Recién acabado el fantástico primer libro de Jaume Esteve Gutiérrez sobre la época dorada del software español, me he dado cuenta de las continuas similitudes con el nuevo movimiento indie. El inspirador relato de Ocho quilates (I) nos muestra a unos chavales que dedican su tiempo libre y su ilusión en hacer aquello que les gusta ya sea en un garaje, en una habitación o en el ático de casa de sus padres. Un época en la que conseguir información sobre esos micro ordenadores tan modernos era una auténtica odisea, sin las facilidades que tenemos hoy en día gracias a internet.
Pero avanzando hasta el presente, me doy cuenta de que es un ciclo que ha dado la vuelta y ha vuelto a repetirse. En un mercado colapsado por taquillazos, se ha vuelto a las raíces, a los juegos de limitados recursos que rememoran aquellos tiempos mágicos. Si bien es cierto que las herramientas son mucho más potentes que las de entonces y crear un juego está al alcance de todo el que sepa deshacerse de la pereza, las bases son exactamente las mismas.
Un juego creado en un cuartucho con un amigo puede convertirse en la sensación del momento, y no solo eso, sino que incluso uno mismo puede echarse toda la aventura a la espalda y publicitarse fácilmente en la red con la ayuda de redes sociales, portales dedicados y demás. La relación entre retro e indie va mucho más allá, poniendo en común, en muchas ocasiones, el apartado gráfico/técnico y es que el aspecto retro o píxel de muchas producciones independientes son fruto del escaseo de recursos. El píxel es bonito, nos acerca a tiempos pasados que fueron mejores y bla bla, pero lo cierto es que volver a los sistemas más básicos de creación es tan sencillo como satisfactorio.
De todos es sabido que no hace falta ni una gran inversión ni un extenso equipo, solo ganas y constancia, ese escaso y primordial atributo. Por supuesto que no hablo de los desarrolladores que nacen con mentalidad empresiarial sino de los que crean desde lo más profundo del estómago, con pasión.
Trabajar con escasos medios, con la lógica diferencia entre épocas, provoca un incremento en imaginación y en fullería. Que ese juego que queríamos hacer cambie a raíz de las limitaciones técnicas puede provocar que consigamos algo mucho más original o retorcido. Trabajar con limitaciones impulsa todo lo demás. La principal diferencia reside en que por entonces todo aquel ajetreo informático era un acontecimiento pionero en el cual prácticamente cualquier cosa se aceptaba con entusiasmo, y ahora hay que ofrecer algo más, dar vueltas de tuerca a mecánicas manidas o sorprender con artes visuales o sonoras que se salgan de lo común.

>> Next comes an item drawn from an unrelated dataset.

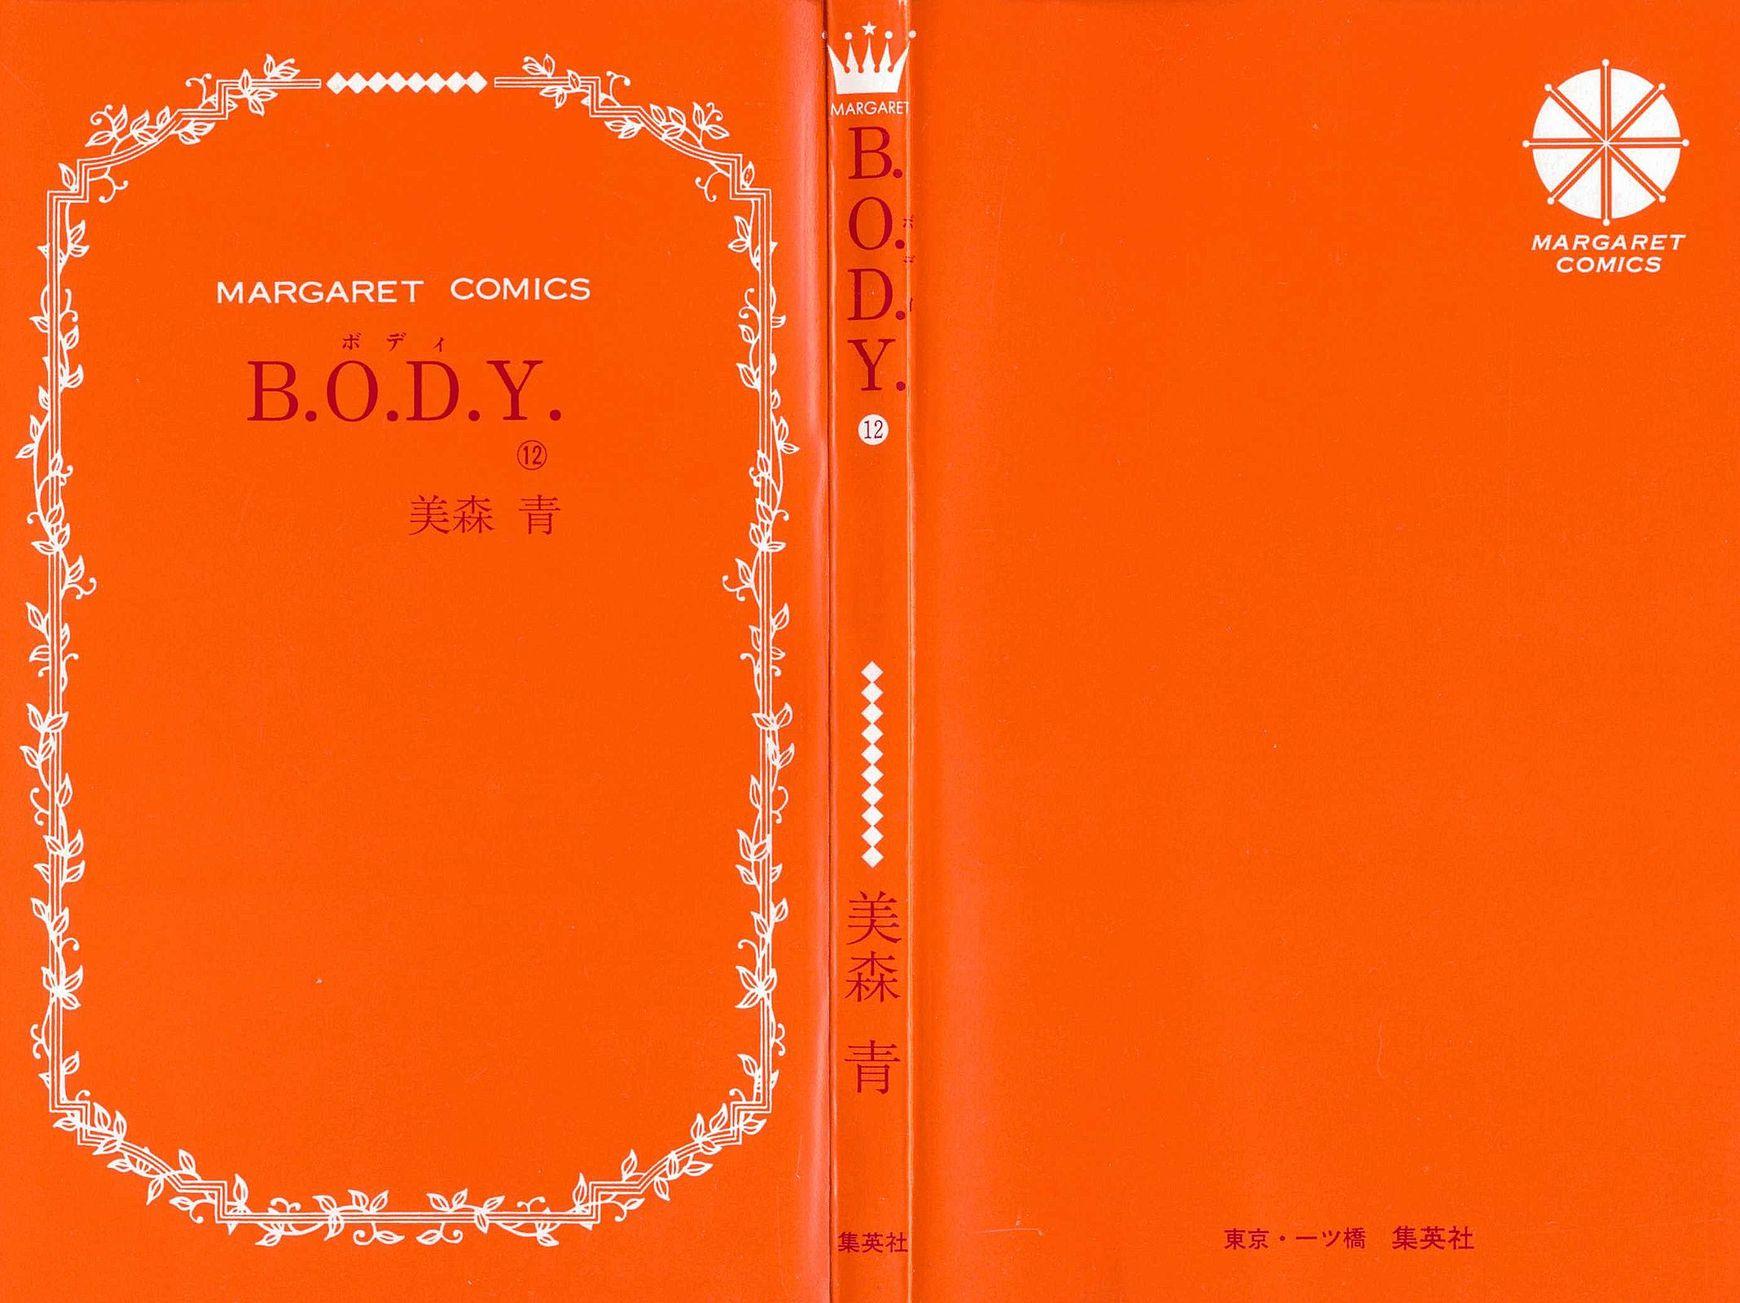 B.O.D.Y. 44 Page 2
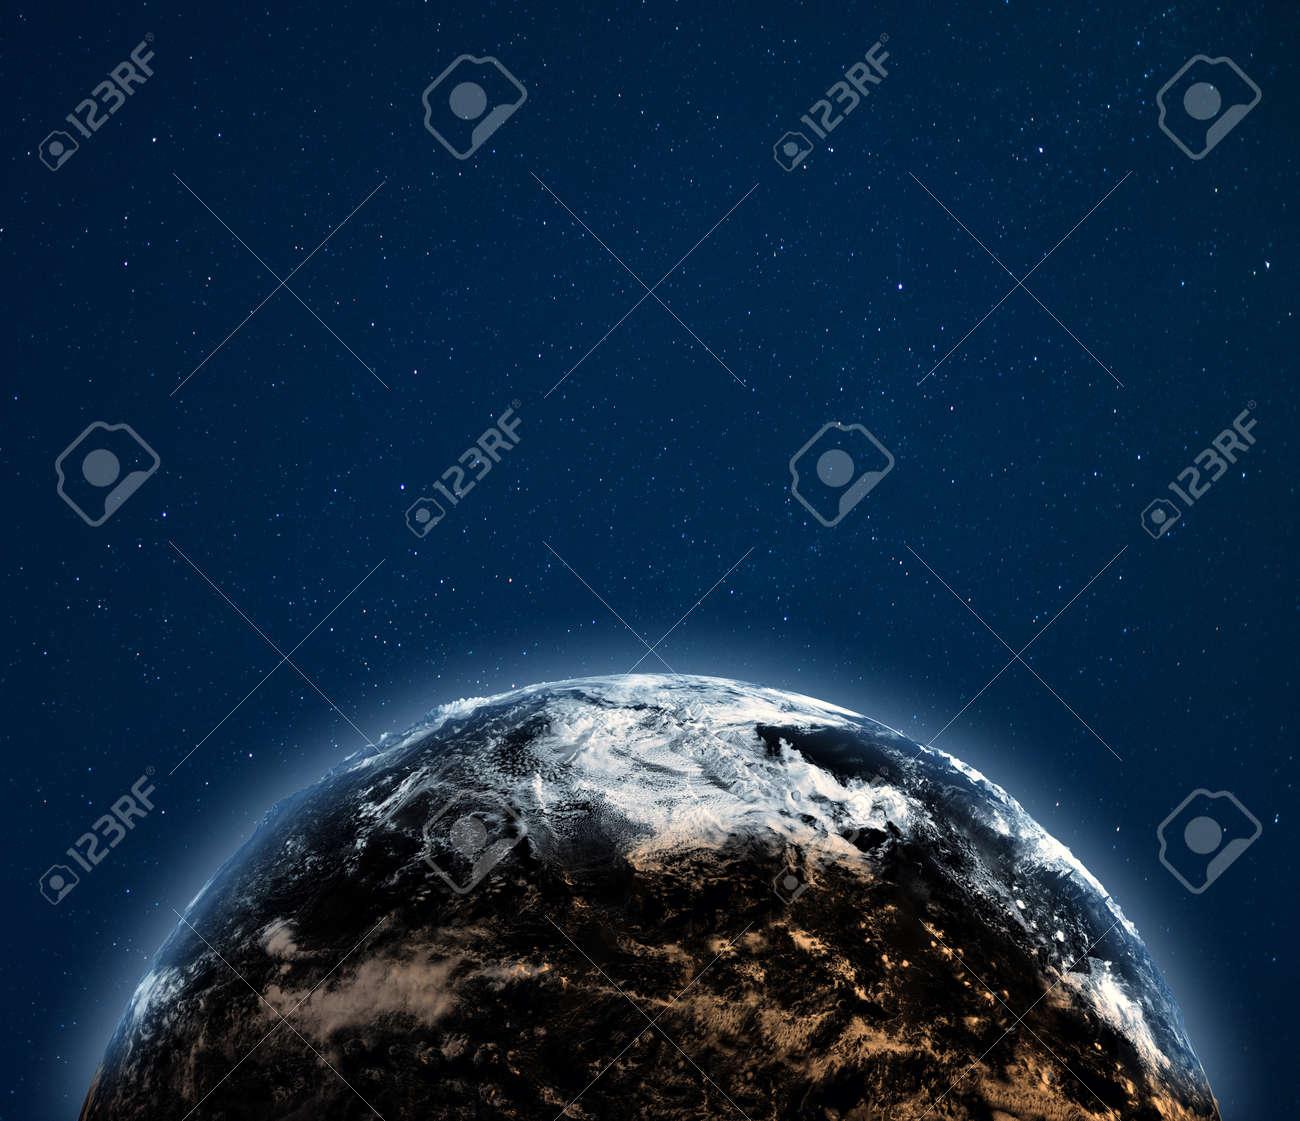 World globe weather background. - 121589566

El saber como los hermanos Ruiz empezaron con la idea de crear un fanzine sobre programación, crear un primer juego de nombre Yenght (1984) que recibiría el honorífico título de «la primera aventura conversacional en castellano» y tras un barullero anuncio en una revista de la época empezar a verse desbordados por los contínuos pedidos, es todo un baño de inspiración y una sensación de «todo es posible» que asusta.
Lo fácil que lo tenemos hoy en día en cuanto a herramientas e información lo tenemos en contra en cuanto a demanda, pero lo que está claro es que no hay tanta distancia entre esos tipos que alucinaban con sus ZX Spectrum y los nuevos desarrolladores indie que empiezan con esa aparente inocencia, justo antes de que una grande los reclame (en el mejor de los casos).